Nuclear power plants run on offsite power, not their
own reactors.
If the electrical grid fails, reactors are designed
to automatically close down. One or more diesel generators are supposed to
start up, with capacity to power basic safety equipment, including the
cooling system. If generators fail, the reactor cannot be restarted
without offsite power.
David Lochbaum of the Union of Conerned Scientists
compares this to a car without a battery, further explaining, "Nuclear
reactors will automatically trip upon detection that the electrical grid
is going down. Nuclear plants generate electricity by passing steam
through a turbine. The electrical grid going down is to a nuclear reactor
and its turbine/generator what stepping on the clutch is to a manual transmission
car engine when traveling at 65 mph. To protect the turbine from spinning
too fast with its 'clutch depressed,' valves that admit steam to the
turbine close in seconds.
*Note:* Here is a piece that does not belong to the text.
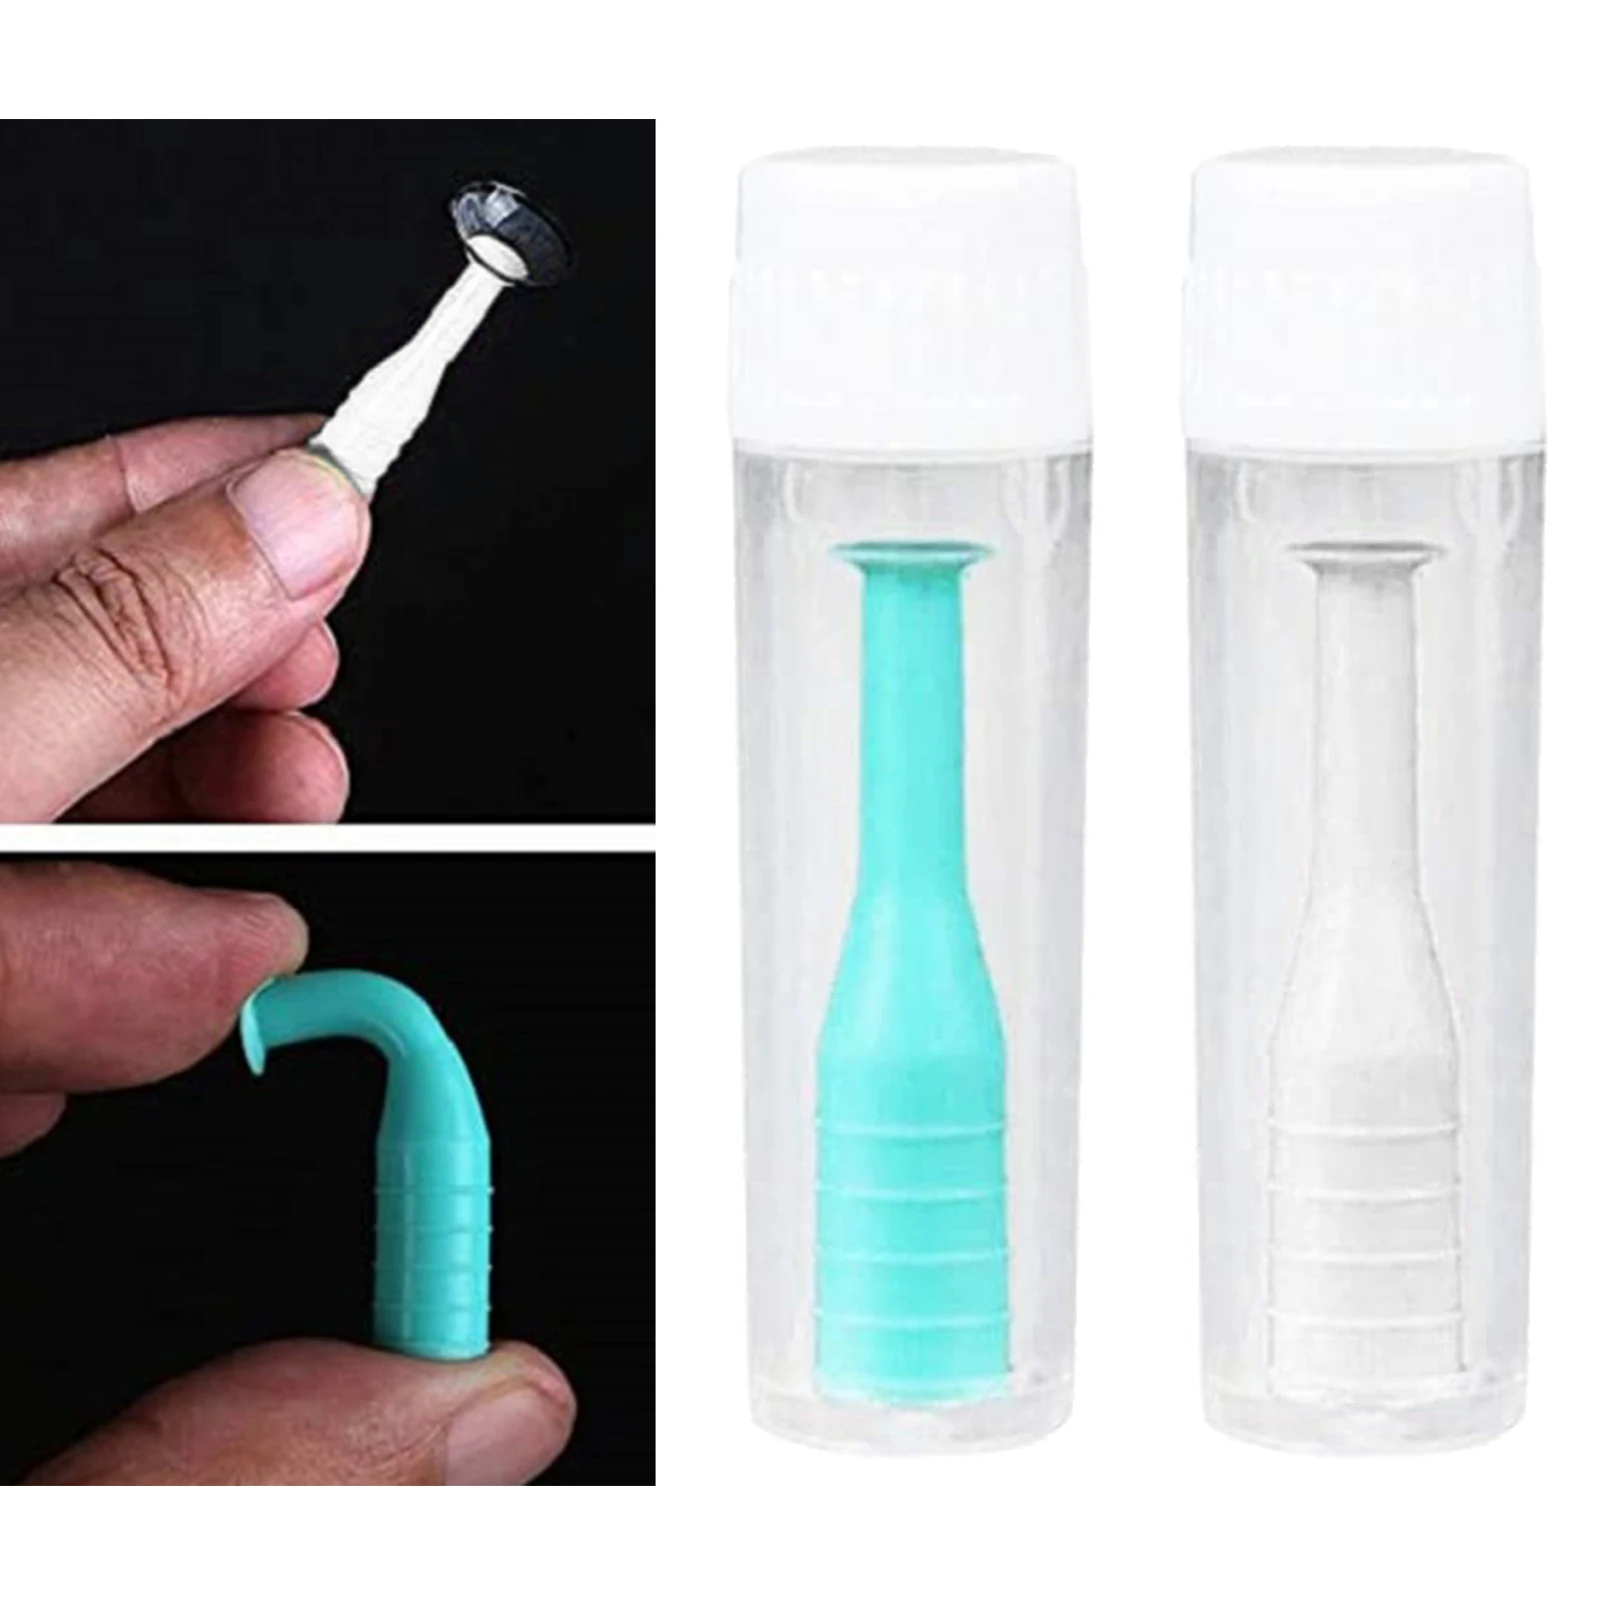 Hard Contact Lens Remover Insertion Tool Suction Stick Applicator for Soft Hard Lenses RGP

Since the steam no longer has anyplace to go,
there's a pressure pulse racing back towards the reactor. To limit the
size of this pressure pulse, the reactor automatically trips. With the
reactor down, there's less steam with no place to go. As long as it is
available, offsite power is the preferred power source for the nuclear
plant. However, once the electrical grid fails, the emergency diesel
generator automatically starts and supplies power to safety equipment. The
emergency diesel generators cannot provide enough power to operate the
non-safety equipment at the plant."
Attacks, ice, or wind storms can also knock out
transmission lines to nuclear plants for extended periods. Nuclear plants
that lose all power can quickly be converted into giant "dirty bombs",
wind-driven clouds of radioactive isotopes.
Something has to continually pump circulating
cooling water to the reactor and to the giant, densely-packed waste fuel
pools, or those fuel rods, active and spent, will catch fire and reproduce
Chernobyl, or worse. Restoring off-site power to the 16 nuclear plants
during the blackout - long before reactors powered back up - was a high
priority in order to restore safety and security systems.
But back-up generators may have been strained and
some may have failed. Reporting will not be available to the public for
weeks, meaning there may have been close calls about which we know nothing
at this point. Many are concerned about what happens if the diesel
generators runout of gas. When asked about whether that presented a
potential danger, Lochbaum said, "The long-term threat to the EDGs
[emergency diesel generators] is not lack of fuel but lack of cool."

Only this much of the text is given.